April 20, 2024

Are tribunals the solution to disruptive conscientious objectors?

They need to give reasons for their refusals

While some bioethicists believe that conscientious objection has no place in modern medicine, others feel that they could be accommodated by setting up tribunals. Here are three proposed this year in the Journal of Medical Ethics.

Establish military-style tribunals. In times of conscription, military tribunals assess whether a pleas of conscientious objection in legitimate or not. Why not follow this model for healthcare workers, asks Steve Clarke, of Charles Sturt University (Australia), in the Journal of Medical Ethics.

Military tribunals used to ask whether the objector would serve in a non-combatant role. Some agreed to support the war effort by serving in non-combatant roles; others would only perform community service. The former were actually making an indirect causal contribution to the war effort to which they objected. Clarke believes that the same question should be asked of doctors:

“A doctor who objects to conducting abortions, and also objects to making an indirect causal contribution to abortion, but who currently works for an organisation in which abortions are conducted, should be helped to find work with a different organisation, where abortions are not conducted. The objections of a doctor who conscientiously refuses to conduct abortions, but who has no objection to making an indirect causal contribution to the conduct of abortion are best dealt with by finding that doctor other duties to perform, within the current organisation that she is employed in.”

This argument will succeed in forcing objectors with very strong convictions out of the public system and into private practice and those who remain and perform “non-combatant” roles will be burdened with moral complicity.

Establish medical conscientious objection review boards. Robert Card, of the University of Rochester Medical Center (US), argues in the JME that doctors need to give “public reasons” for conscientious objection. This would rule out even “effective referral” for a procedure. Their reasons need to be solidly grounded, empirically and ethically. This rules out reasons based on prejudice (sexism or racism) or sincere moral convictions.

This leads him to propose review boards staffed by medical professionals, bioethicists and lawyers.
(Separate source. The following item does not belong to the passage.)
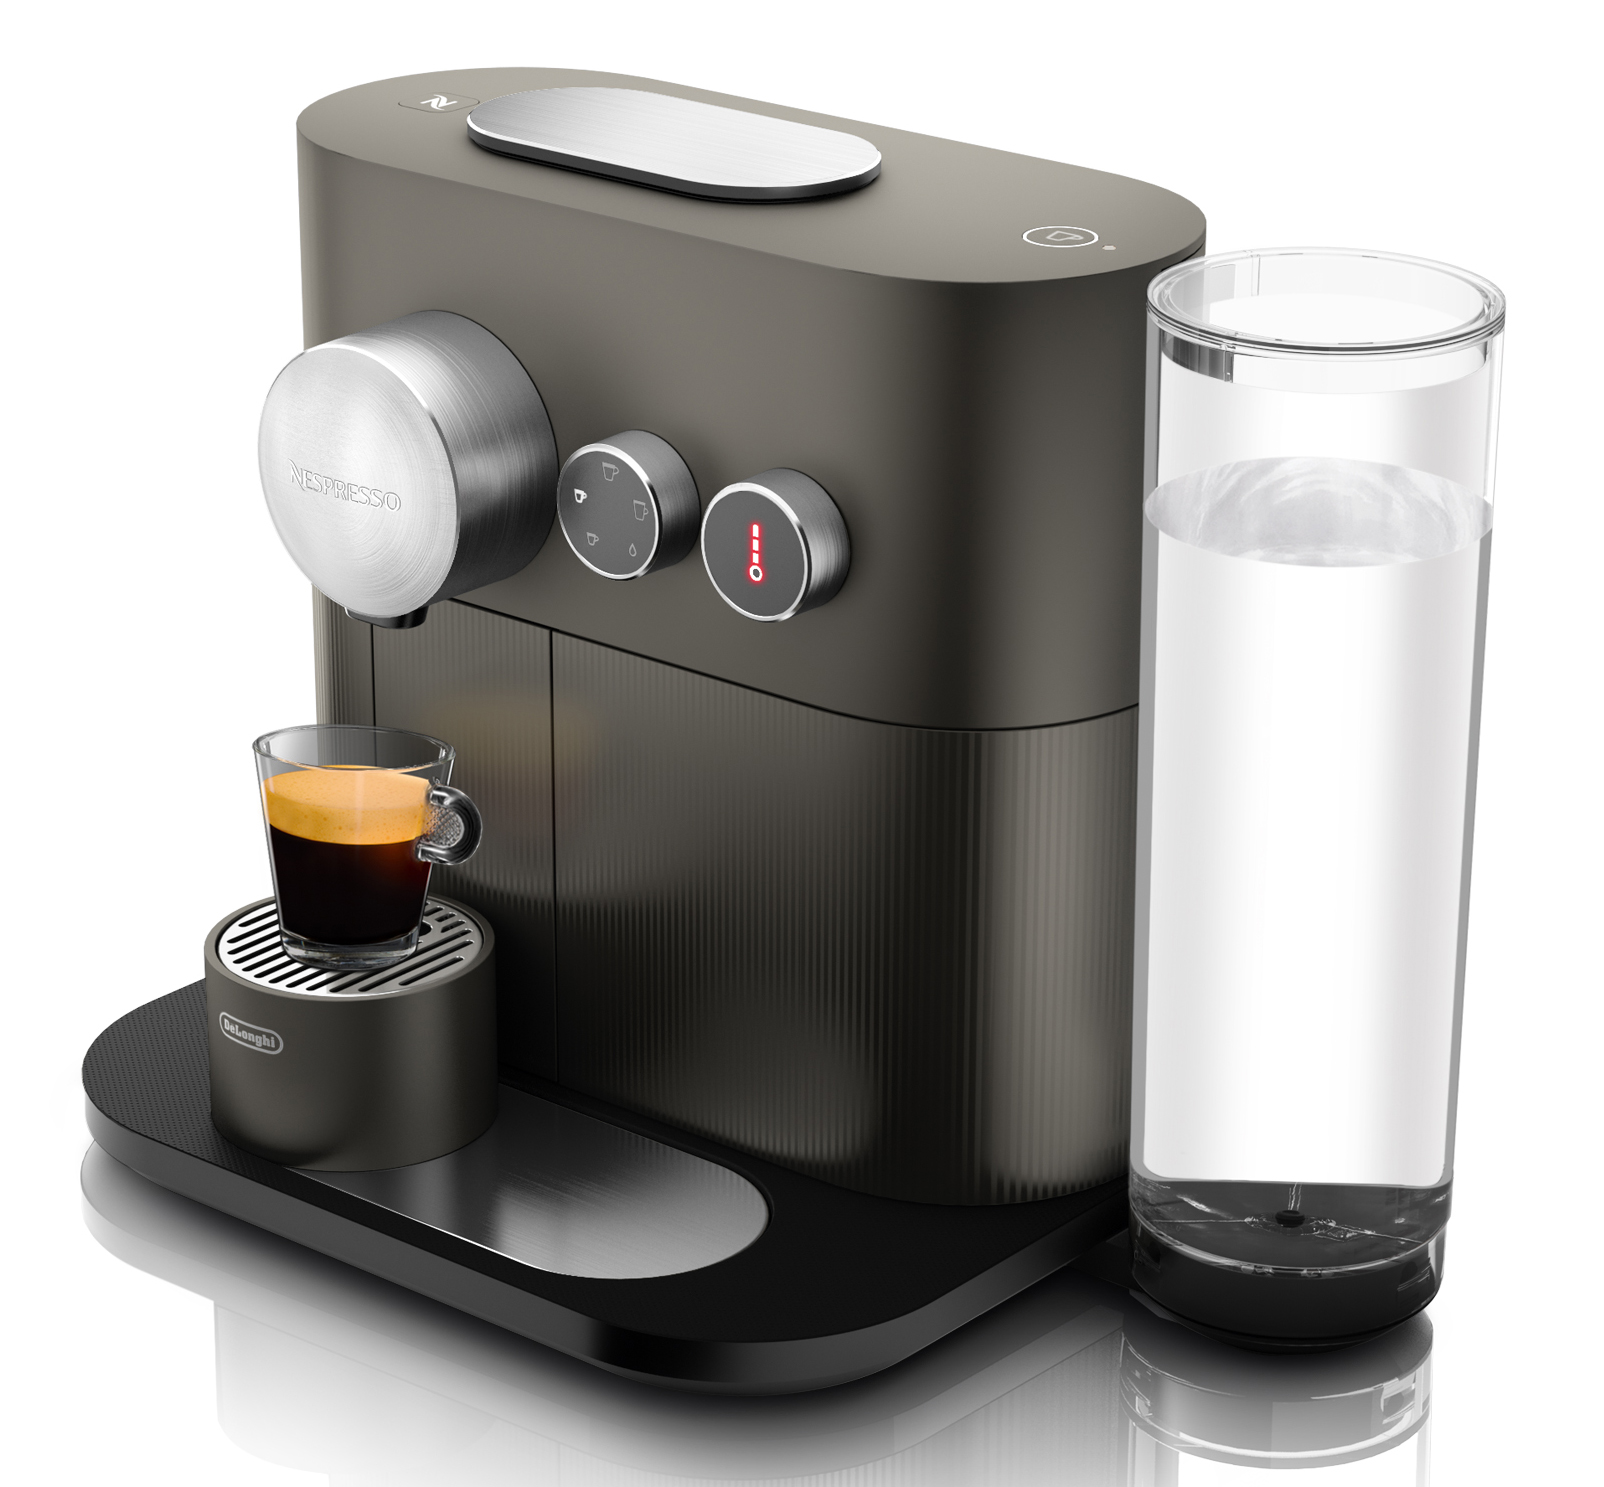 kaffeemaschine cappuccino m bel design idee f r sie. Black Bedroom Furniture Sets. Home Design Ideas

If a doctor establishes that there are sufficient reasons for his objections, he would be licenced to practice medicine as an official conscientious objector. If doctor who is not a licenced CO refuses to do a procedure, he could be punished.

Earlier in the year, Jonathan A. Hughes, of Keele University (UK), proposed the establishment of Conscientious Objection Tribunals in the JME. Doctors would appear before a board which would assess whether their objections were reasonable and what arrangements he would make for patients who requested a procedure to which he objected. If approved, the tribunal would licence them for five years at a time. No conscientious objection would be allowed without a licence.

Keele is less specific about the composition of the tribunals. However, they should include members of the public and potential service users. He feels that it is important that it be a face-to-face examination  rather than a bureaucratic procedure.